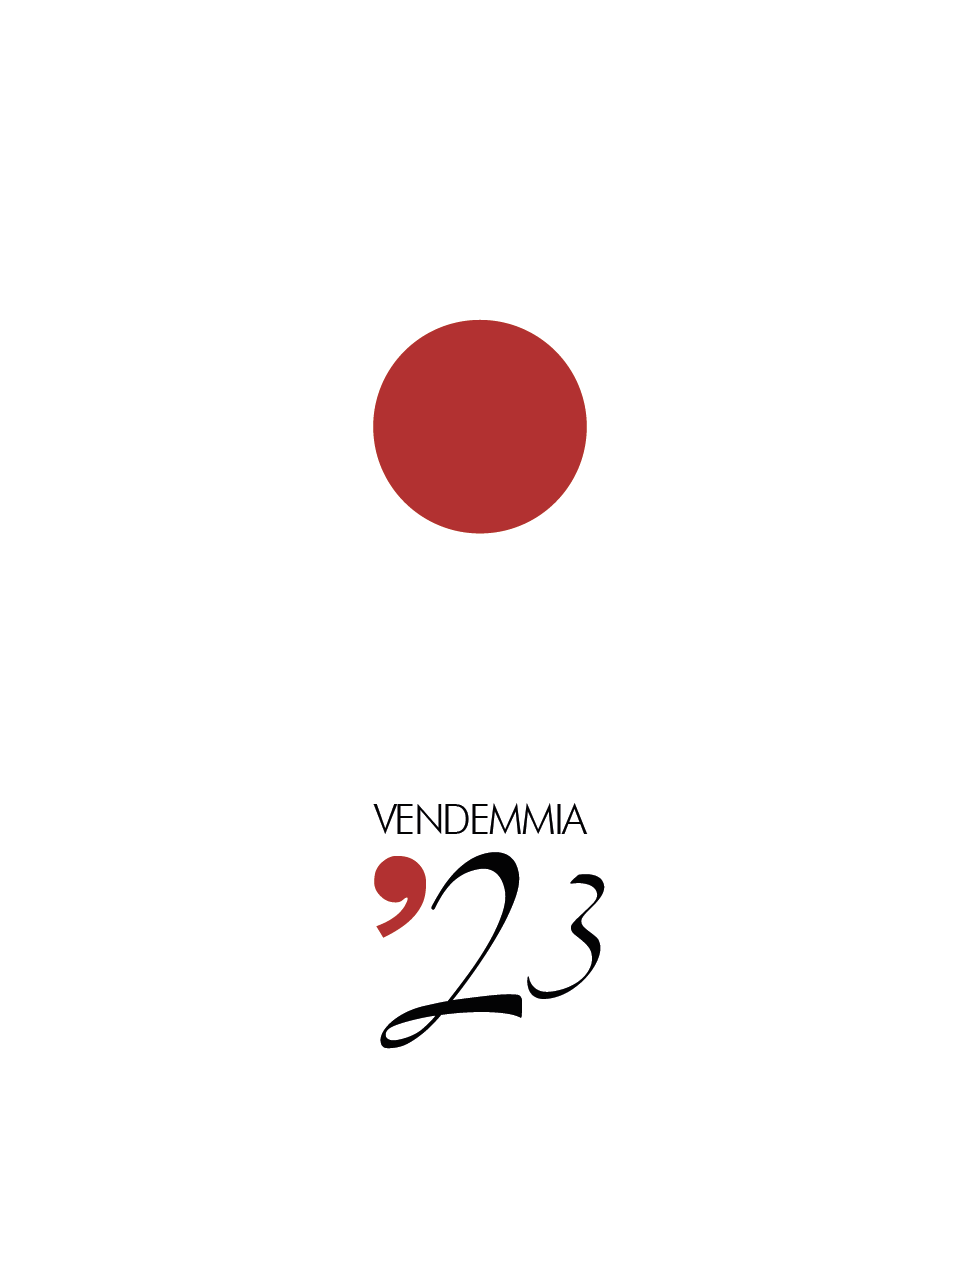 Etichetta per bottiglie di vino: sotto a un cerchio  rosso campeggia la scritta "Vendemmia '23"
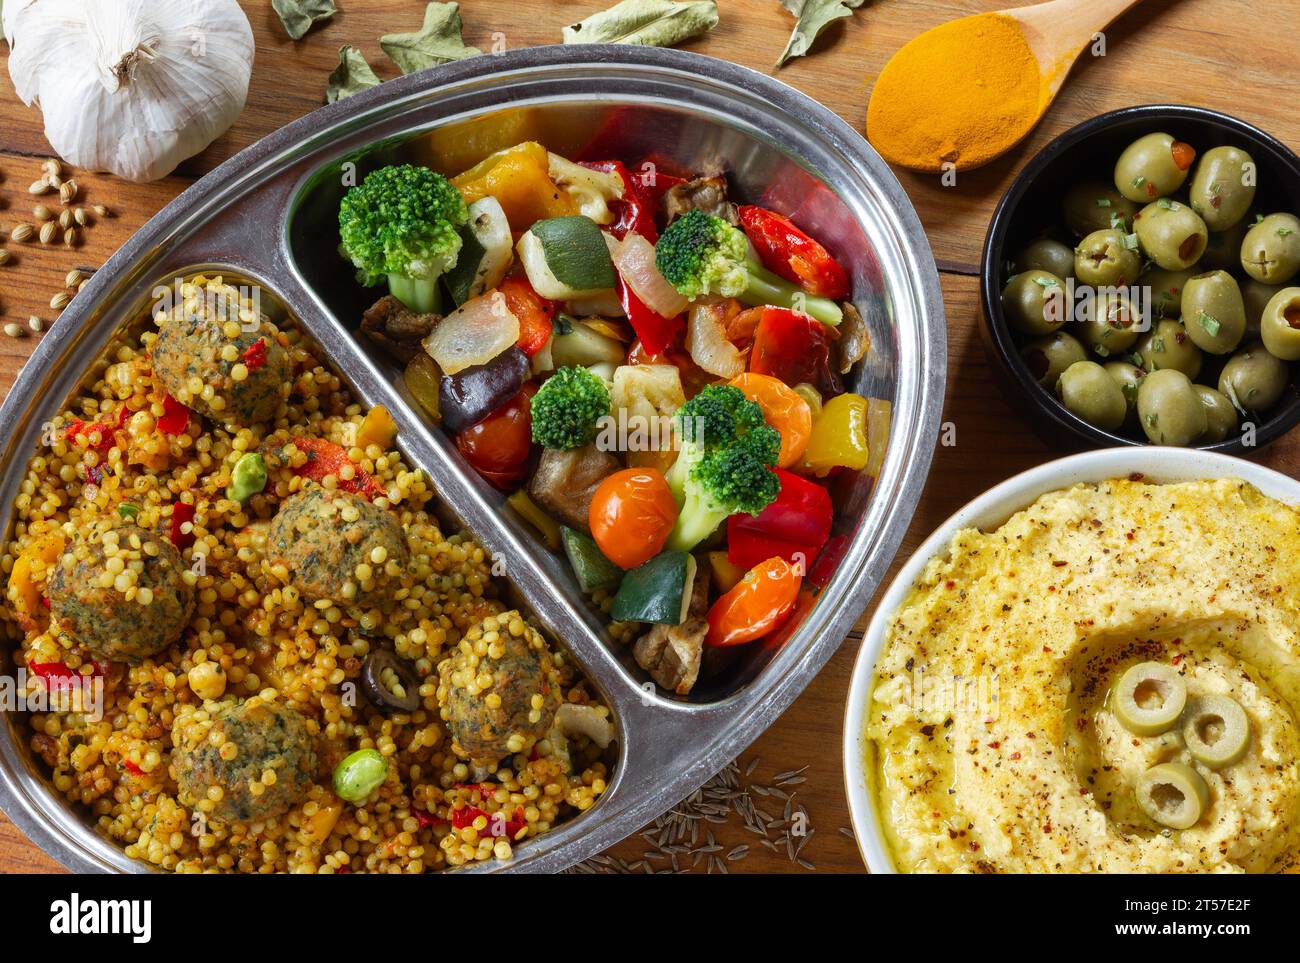 Repas végétalien/végétarien, avec houmous, falafel, légumes grillés et olives Banque D'Images
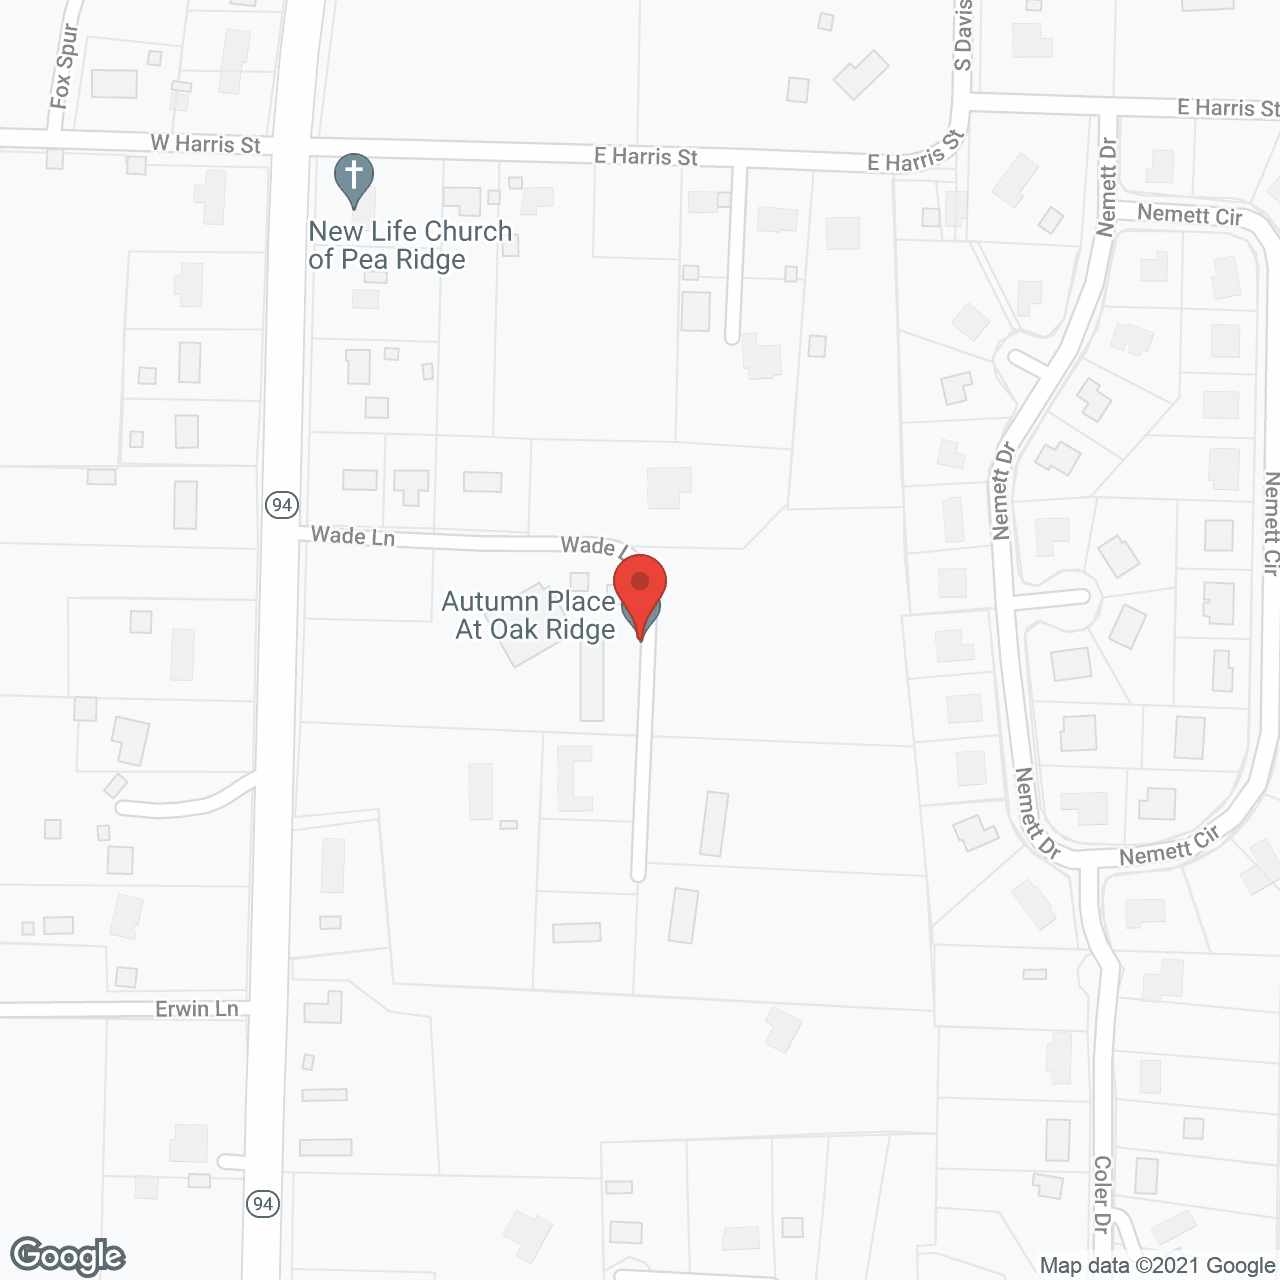 Oak Ridge Village in google map
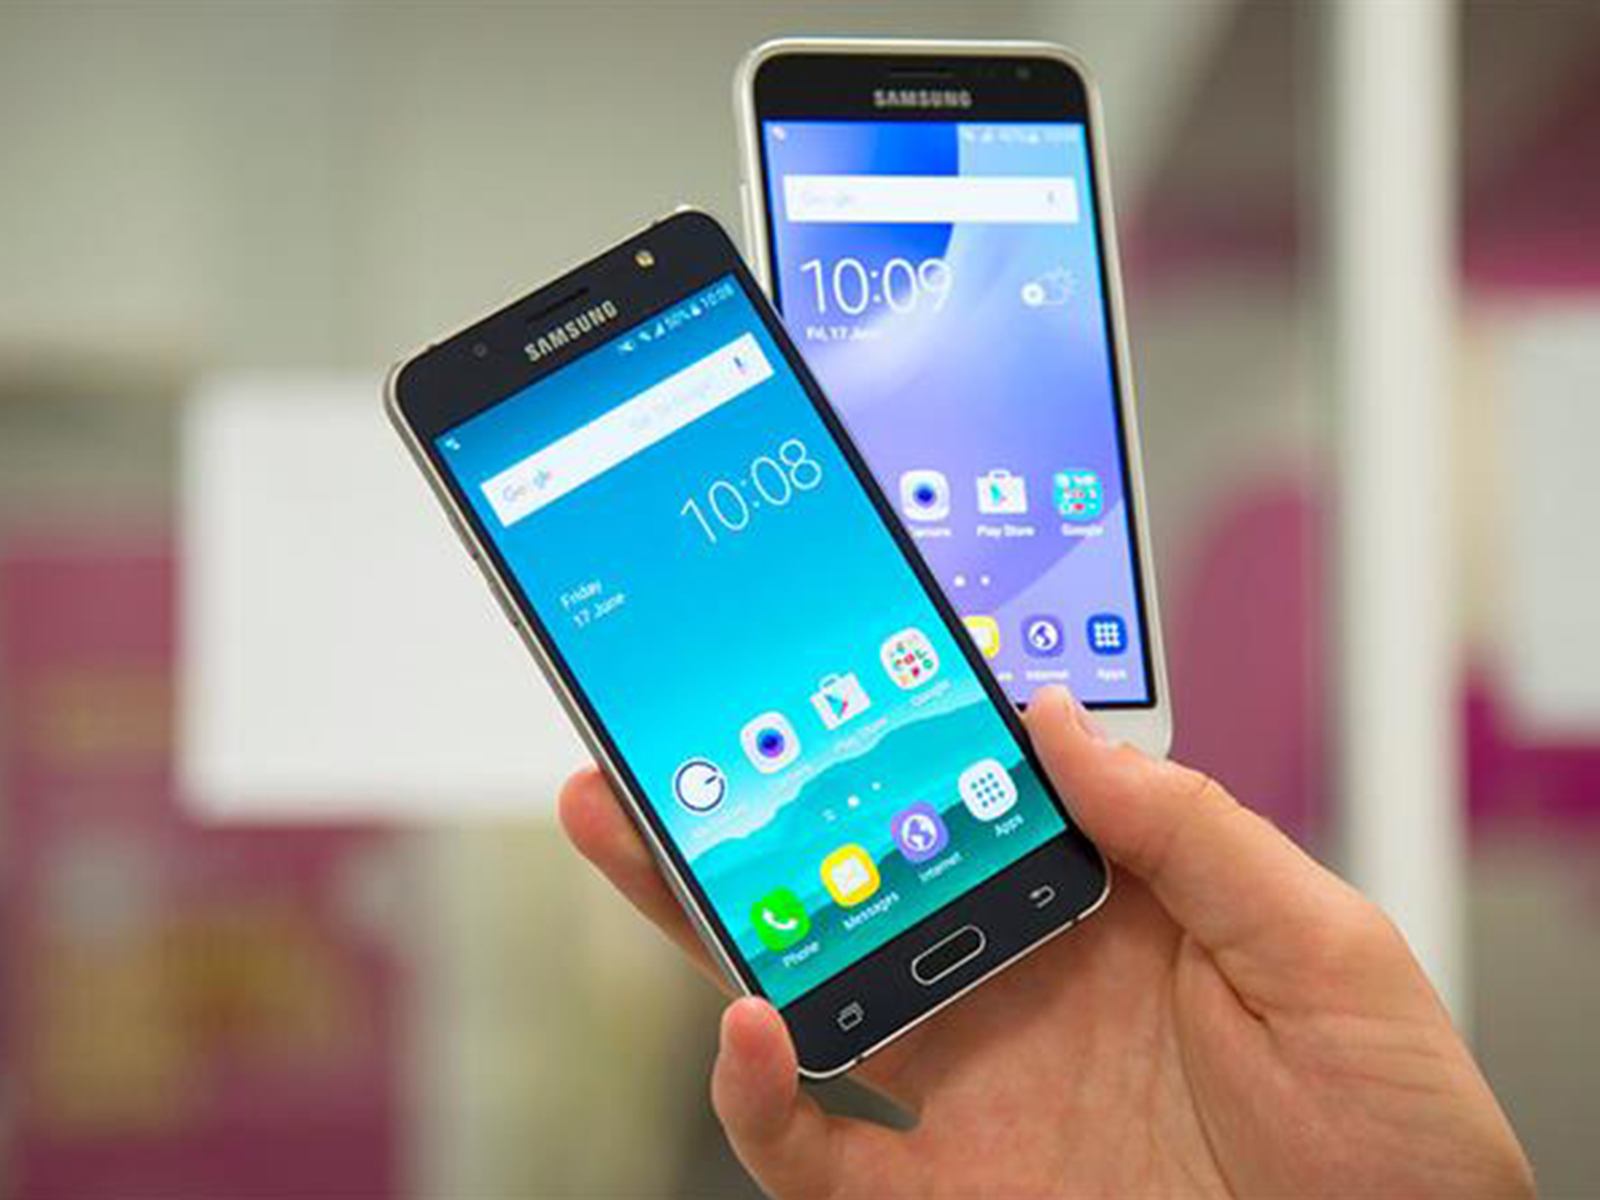 Samsung galaxy j2, j3, j5, j7 2017 - большой обзор всей линейки бюджетных смартфонов от самсунг, характеристики и сравнение с рынком, цены смартфонов - stevsky.ru - обзоры смартфонов, игры на андроид и на пк

____

### WHAT YOU ARE ASKED TO DO
Return the complete data unchanged and include none of the pictures.

### REPLY TO THE EXERCISE
 Etichetta per bottiglie di vino: sotto a un cerchio  rosso campeggia la scritta "Vendemmia '23"
 Repas végétalien/végétarien, avec houmous, falafel, légumes grillés et olives Banque D'Images
 Oak Ridge Village in google map
 Samsung galaxy j2, j3, j5, j7 2017 - большой обзор всей линейки бюджетных смартфонов от самсунг, характеристики и сравнение с рынком, цены смартфонов - stevsky.ru - обзоры смартфонов, игры на андроид и на пк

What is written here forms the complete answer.